Token Sliding Independent Set Reconfiguration on Block Graphs¹¹1A major part of the work that led to the results in this manuscript was done when both authors were affiliated with the Indian Statistical Institute, Chennai Centre

A “block” of a graph $G$ is defined to be a maximal connected subgraph $H$ of $G$ such that $H$ is a graph without any cut-vertices. (Note that it follows from this definition that if an edge $e$ of $G$ is not contained in any cycle of $G$, then $e$ together with its endpoints forms a block of $G$.) A block graph is an undirected graph in which each block is a clique. A simple way to visualize the structure of these graphs is through the following equivalent definition: every complete graph is a block graph, and every graph that is obtained by taking the disjoint union of a block graph $G$ and a complete graph $G^{\prime }$ and then identifying (i.e. merging) a vertex in $G$ with a vertex in $G^{\prime }$ is also block graph. Please refer Figure 3(a) for an example of a block graph and Section 2.2 for a formal definition of this graph class. Note that block graphs form a subclass of chordal graphs and a superclass of trees.

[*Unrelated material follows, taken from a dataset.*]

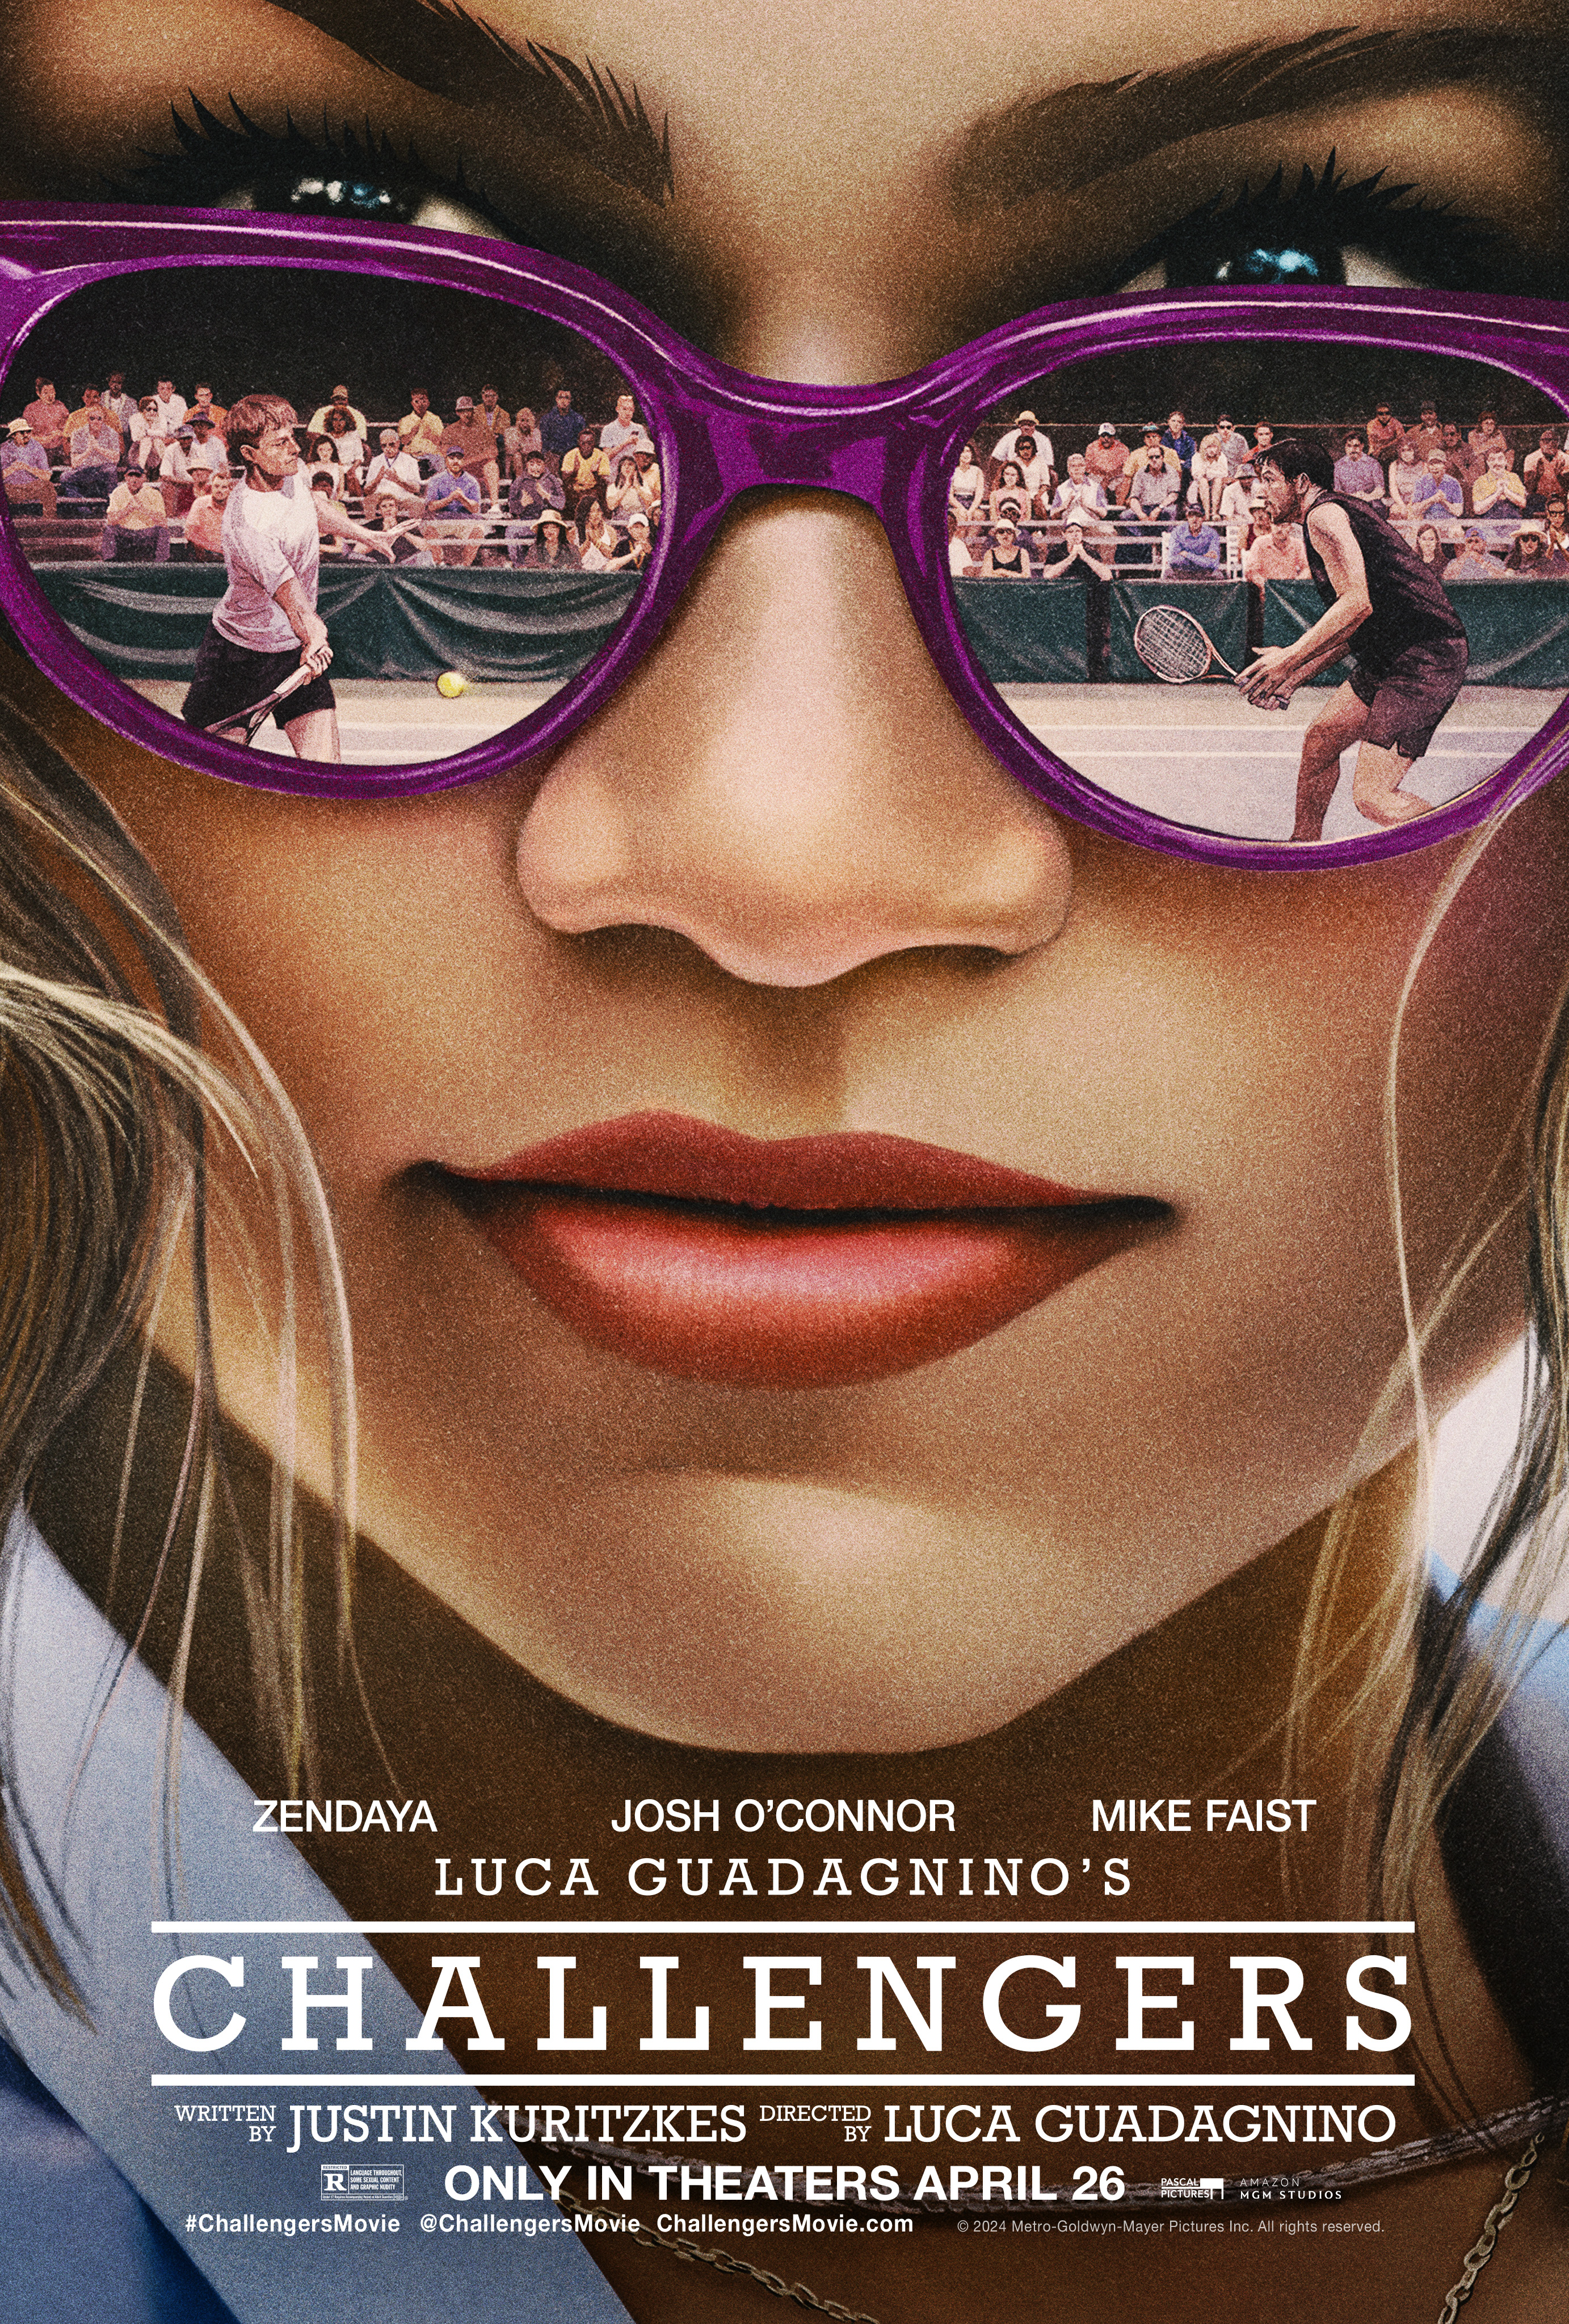 An artistic rendering of Zendaya with reflective sunglasses. In the sunglasses' reflection are two men playing tennis. "CHALLENGERS" reads in white text at the bottom.

We prove that TS-Ind-set reconfig is polynomial-time solvable on block graphs. It is worth noting that our algorithm is the first generalization of the polynomial time algorithm of Demaine et al. for trees, since none of the other classes for which polynomial time algorithms for the problem have been obtained contains the class of trees. It was claimed in [23] and [21] that the problem can be solved in polynomial time on cactus graphs and block graphs respectively, but the authors of both papers have later announced that the algorithms are incorrect [20, 19] (also see [22, 24]), and that the complexity of the problem on both classes of graphs remains unresolved.

In this paper, we present an algorithm that takes as input a block graph $G$ having $b$ blocks, along with two independent sets $C_1,C_2$ of $G$, and determines in $O(b^4)$ time whether the independent set $C_1$ can be transformed into the independent set $C_2$ using token sliding. Note that $b$ is at most $|V(G)|$ and hence this algorithm runs in time $O({|V(G)|}^4)$.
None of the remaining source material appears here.